In a clinical laboratory, a sample of urine containing \(0.120 \mathrm{~g}\) of urea \(\mathrm{NH}_{2} \mathrm{CONH}_{2}\) (M. Wt. 60) was treated with excess of nitrous acid. The urea reacted according to the following equation \(\mathrm{NH}_{2} \mathrm{CONH}_{2}+2 \mathrm{HNO}_{2} \longrightarrow \mathrm{CO}_{2}+2 \mathrm{~N}_{2}+3 \mathrm{H}_{2} \mathrm{O}\) The gas formed was passed through aqueous sodium hydroxide and final volume is measured at STP. What was the volume? (1) \(89.6 \mathrm{cc}\) (2) \(179.2 \mathrm{cc}\) (3) \(44.8 \mathrm{cc}\) (4) \(22.4 \mathrm{cc}\)

Short answer

The final volume of the gas is 89.6 cc.

Step-by-step solution

Determine the moles of urea

First, find the number of moles of urea in the sample. Use the formula: \text{moles} = \frac{\text{mass}}{\text{molar mass}}. Given the mass of urea is 0.120 g and the molar mass is 60 g/mol, calculate the moles of urea: \[ \text{moles of urea} = \frac{0.120 \text{ g}}{60 \text{ g/mol}} = 0.002 \text{ moles} \]

Use stoichiometry to find moles of gas formed

According to the balanced chemical equation: \[ \text{NH}_2 \text{CONH}_2 + 2 \text{HNO}_2 \rightarrow \text{CO}_2 + 2 \text{N}_2 + 3 \text{H}_2 \text{O} \]. From this, 1 mole of urea produces 2 moles of nitrogen gas (\(\text{N}_2\)). Hence, the moles of \(\text{N}_2\) produced are: \[ 0.002 \text{ moles urea} \times 2 = 0.004 \text{ moles} \text{ N}_2 \]
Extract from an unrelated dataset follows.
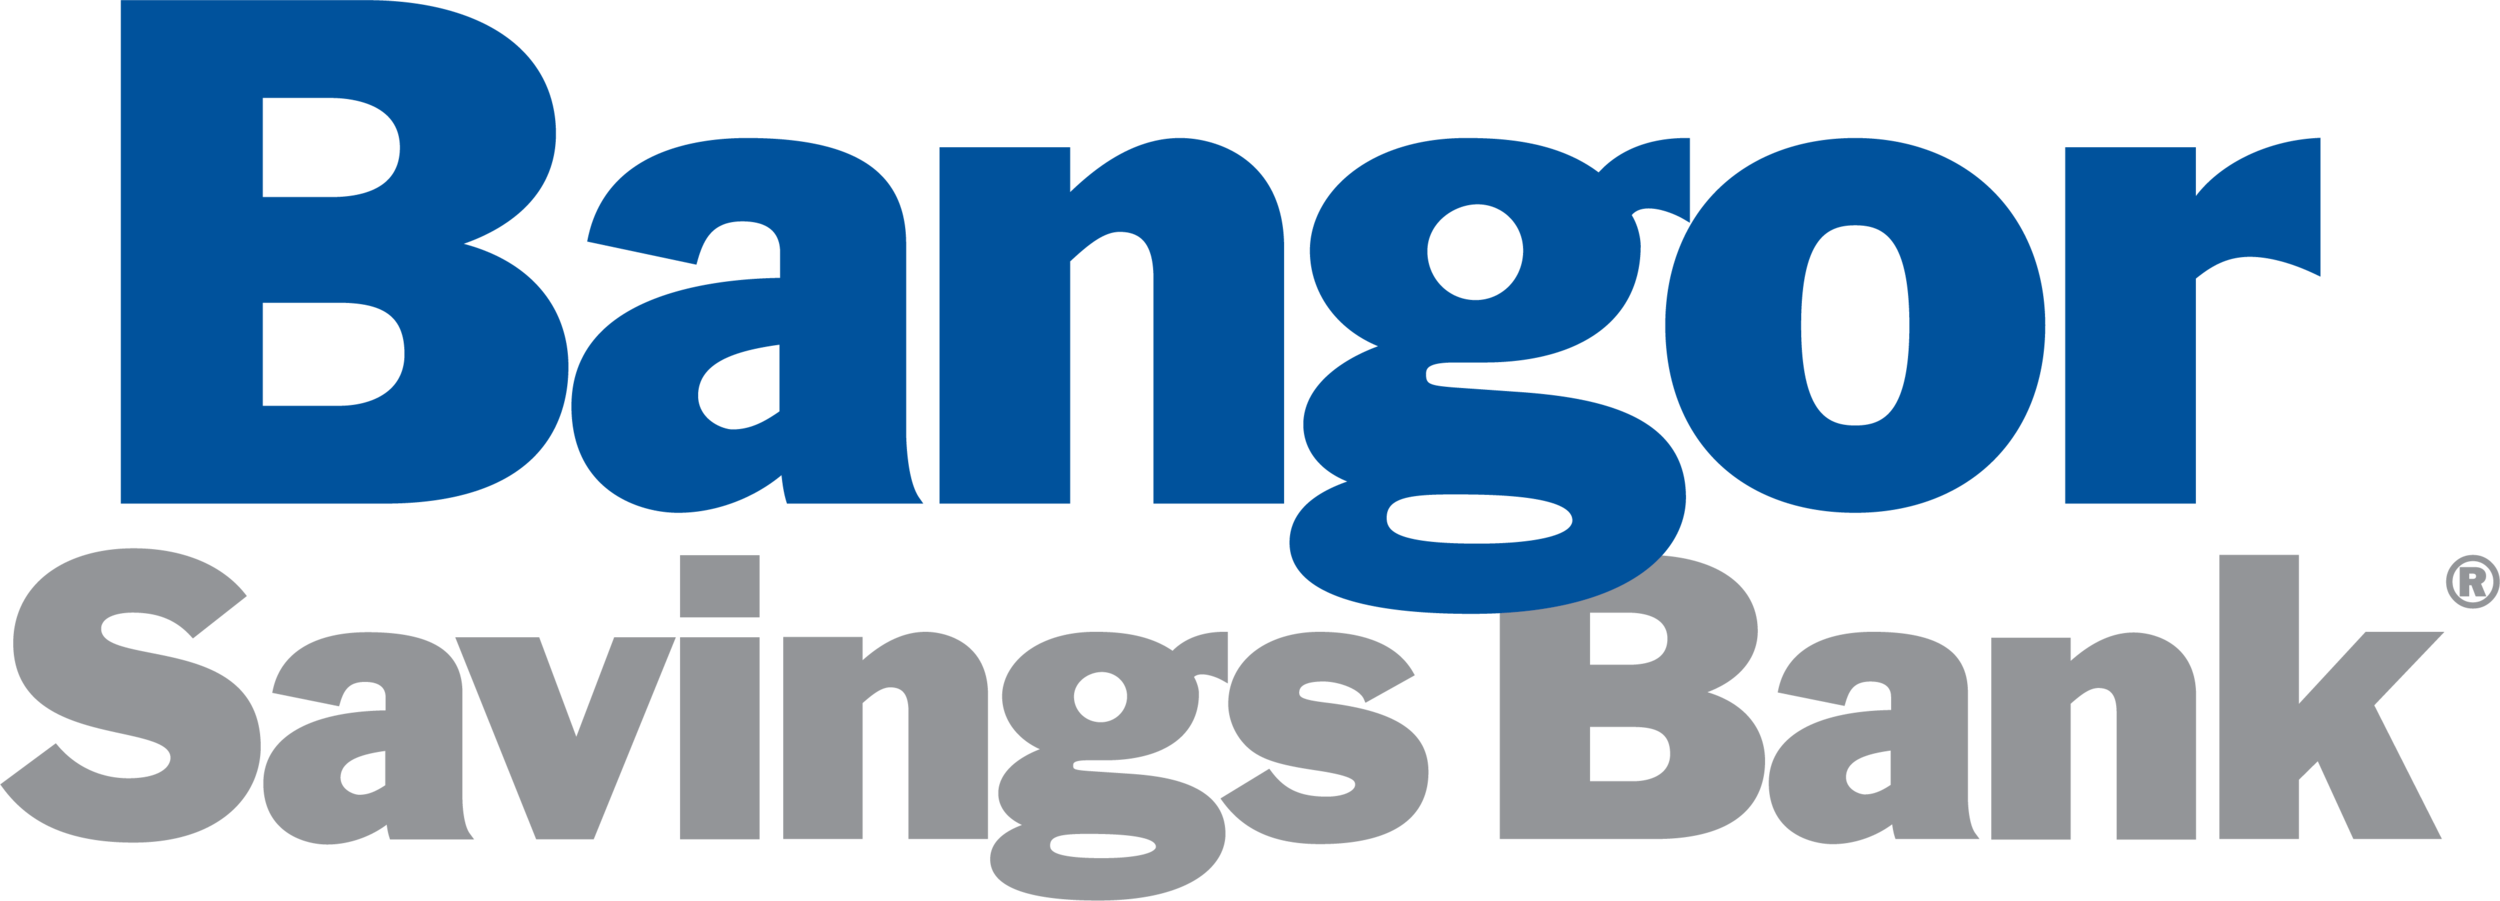 Bangor Savings Bank no tag.png

Convert moles of gas to volume at STP

At standard temperature and pressure (STP), 1 mole of any gas occupies a volume of 22.4 liters (or 22,400 cubic centimeters). Calculate the volume of \(\text{N}_2\) produced: \[ \text{Volume} = 0.004 \text{ moles} \times 22,400 \text{ cc/mole} = 89.6 \text{ cc} \]

Conclusion

The final volume of the gas measured at STP is 89.6 cc.

Key concepts

Moles Calculation

Calculating moles is the foundation of solving stoichiometry problems. Knowing how to determine the number of moles of a substance is crucial. Moles represent the amount of substance and can be calculated using the formula:

• moles = \( \frac{mass}{molar \; mass} \)

For the given exercise, the mass of urea is 0.120 grams and the molar mass is 60 grams per mole. Plugging these values into the formula gives the moles of urea: \[ \text{moles of urea} = \frac{0.120 \; \text{g}}{60 \; \text{g/mol}} = 0.002 \; \text{moles} \]So, the sample contains 0.002 moles of urea. This calculation is the first step in determining how much product will be formed in a reaction.
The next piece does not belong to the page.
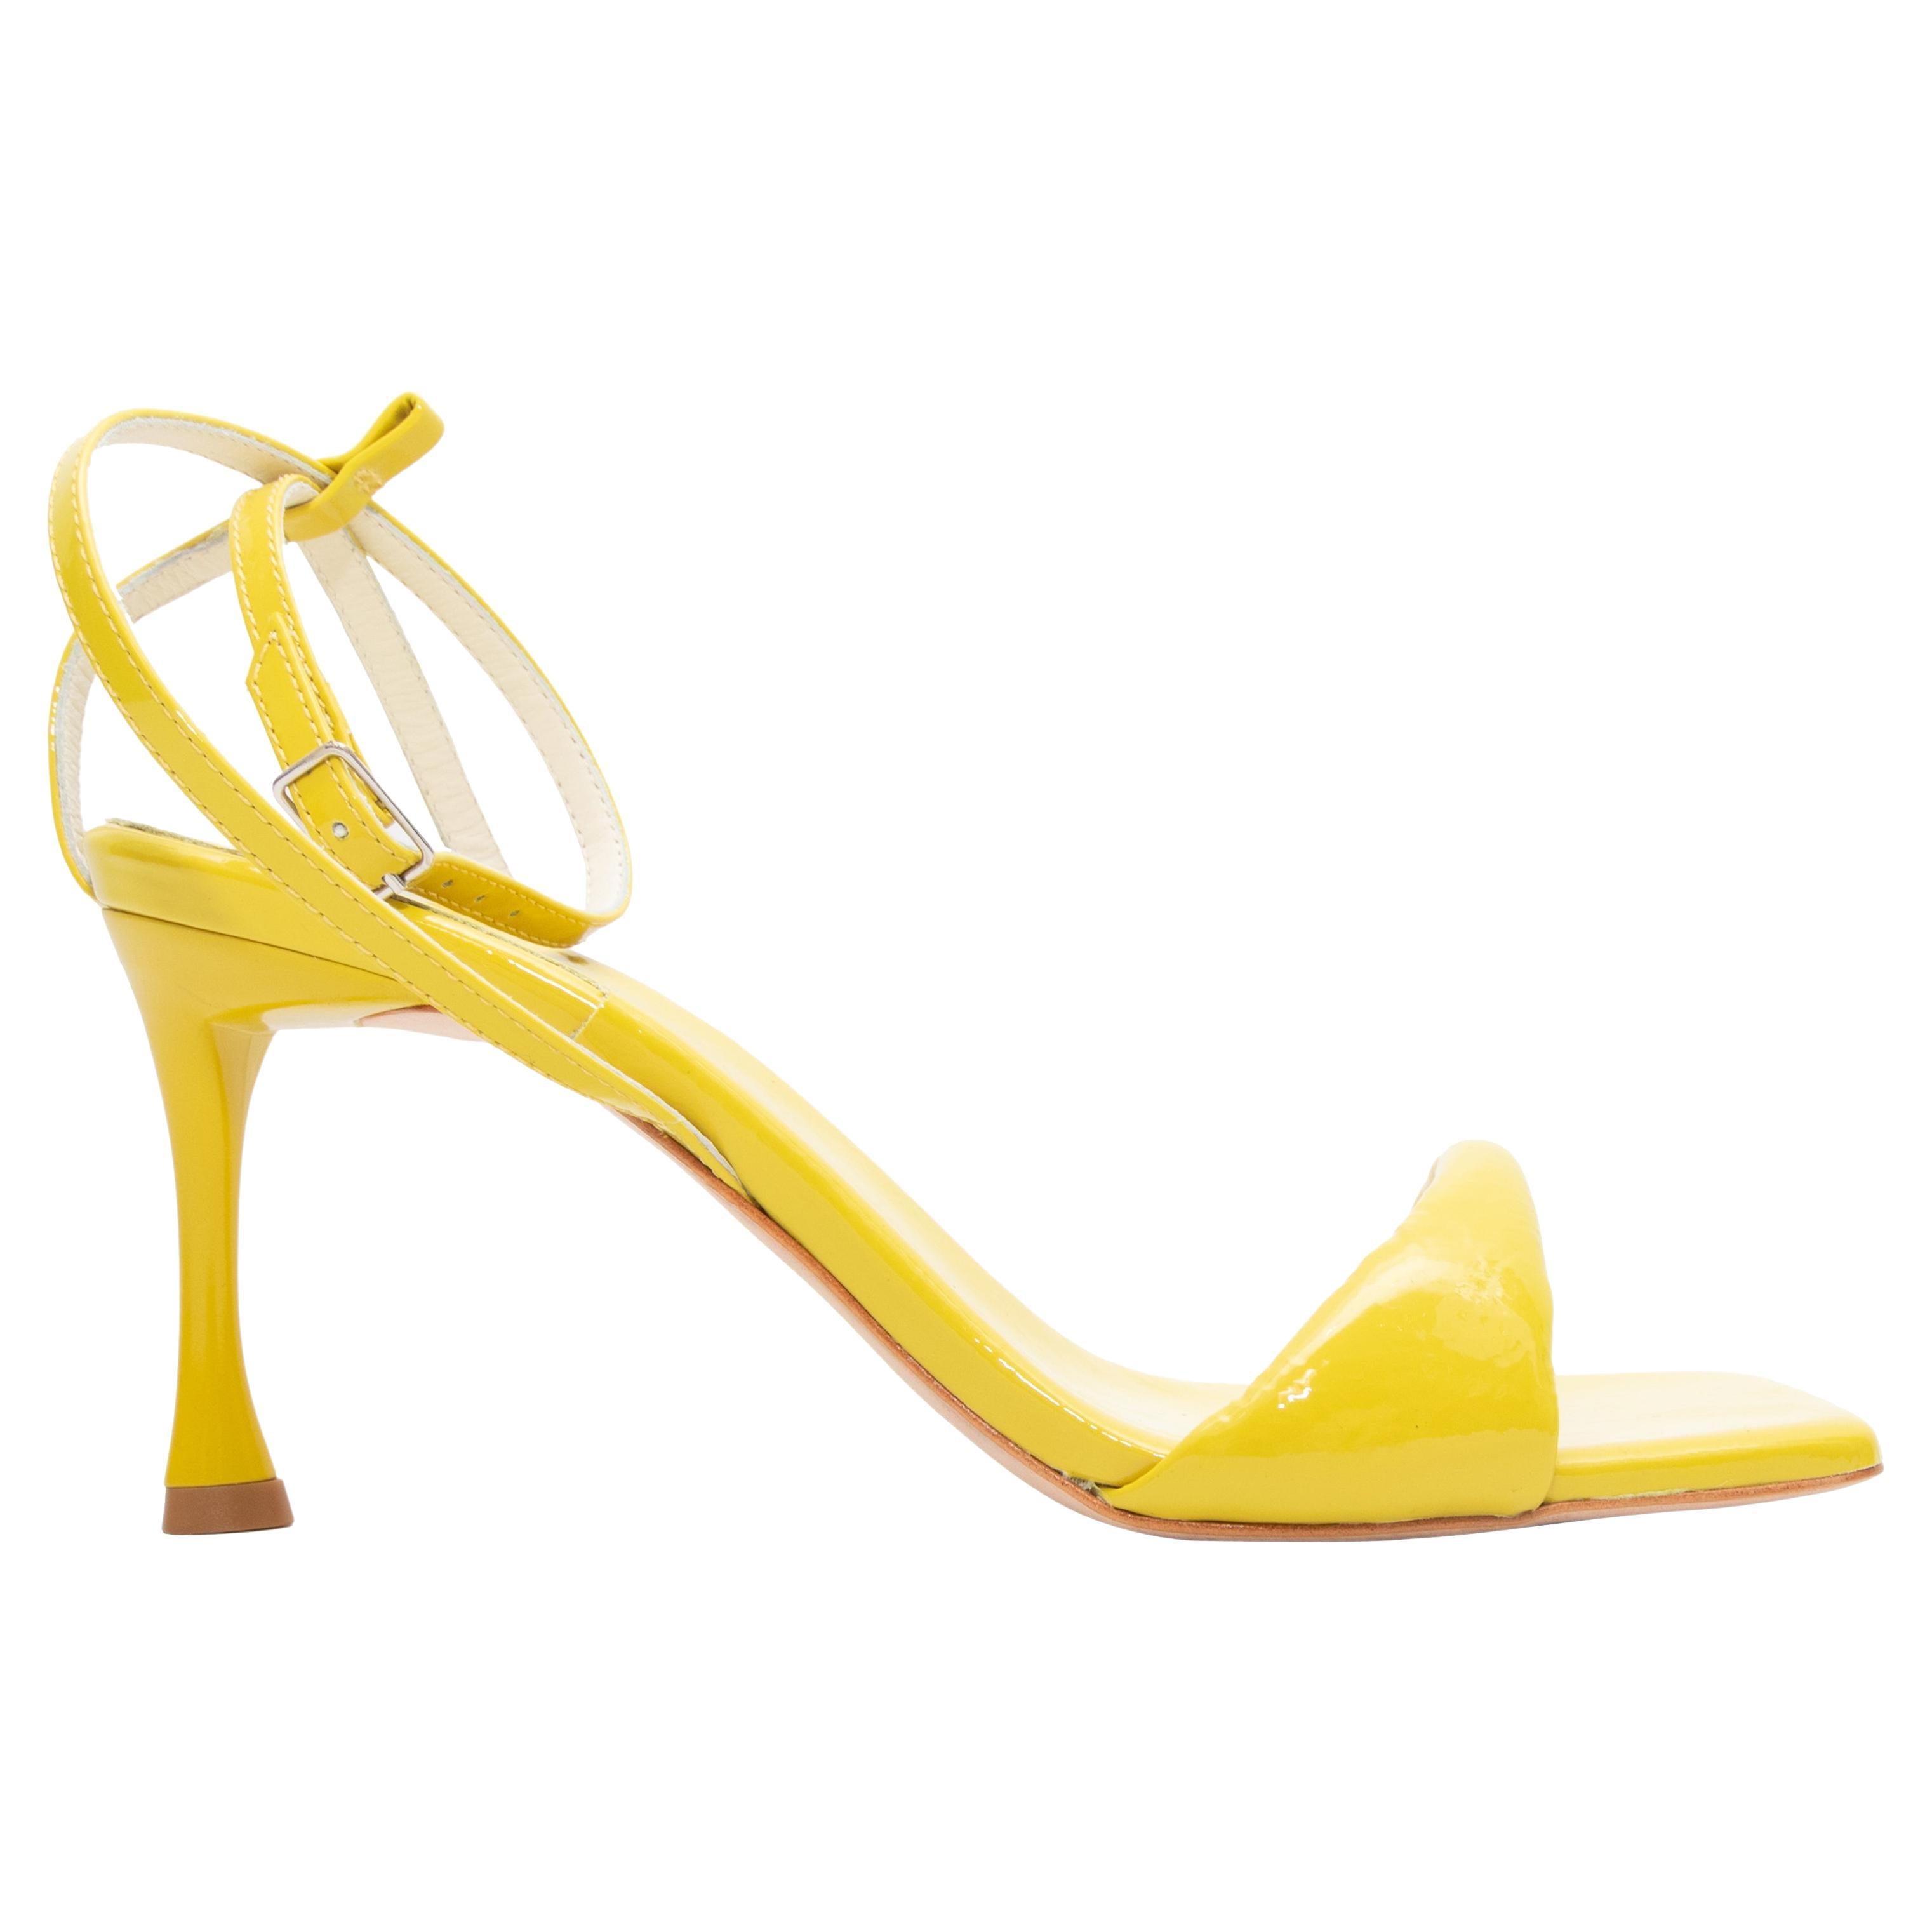 Danika-01 | Shoes | Light Yellow Heels Size 7 | Poshmark

Balanced Chemical Equations

A balanced chemical equation is essential for stoichiometry. It shows the relationship between reactants and products. Each side of the equation must have the same number of atoms for each element. This is necessary to obey the law of conservation of mass. In the exercise, the balanced equation is: \[ \text{NH}_2 \text{CONH}_2 + 2 \text{HNO}_2 \rightarrow \text{CO}_2 + 2 \text{N}_2 + 3 \text{H}_2 \text{O} \]From this, we see that one mole of urea produces two moles of nitrogen gas (\( \text{N}_2 \)). Since we have calculated that we have 0.002 moles of urea, we use stoichiometry to find the moles of nitrogen gas formed: \[ 0.002 \; \text{moles urea} \times 2 = 0.004 \; \text{moles} \; \text{N}_2 \]Thus, the sample produces 0.004 moles of nitrogen gas.

Gas Volume at STP

The concept of gas volumes at Standard Temperature and Pressure (STP) is vital in chemistry. STP conditions are 0°C (273.15 K) and 1 atmospheric pressure. At these conditions, one mole of any ideal gas occupies 22.4 liters (or 22,400 cubic centimeters). This value is a key component in converting moles of gas into volume. In the exercise, we previously calculated that 0.004 moles of nitrogen gas are produced. To find the volume, we use the relationship: \[ \text{Volume at STP} = \text{moles} \times 22,400 \; \text{cc/mole} \]Plugging in the moles of nitrogen gas: \[ \text{Volume} = 0.004 \; \text{moles} \times 22,400 \; \text{cc/mole} = 89.6 \; \text{cc} \]So, the final volume of nitrogen gas produced at STP is 89.6 cubic centimeters. This precise step demonstrates the practical application of these concepts in determining gas volumes through stoichiometry.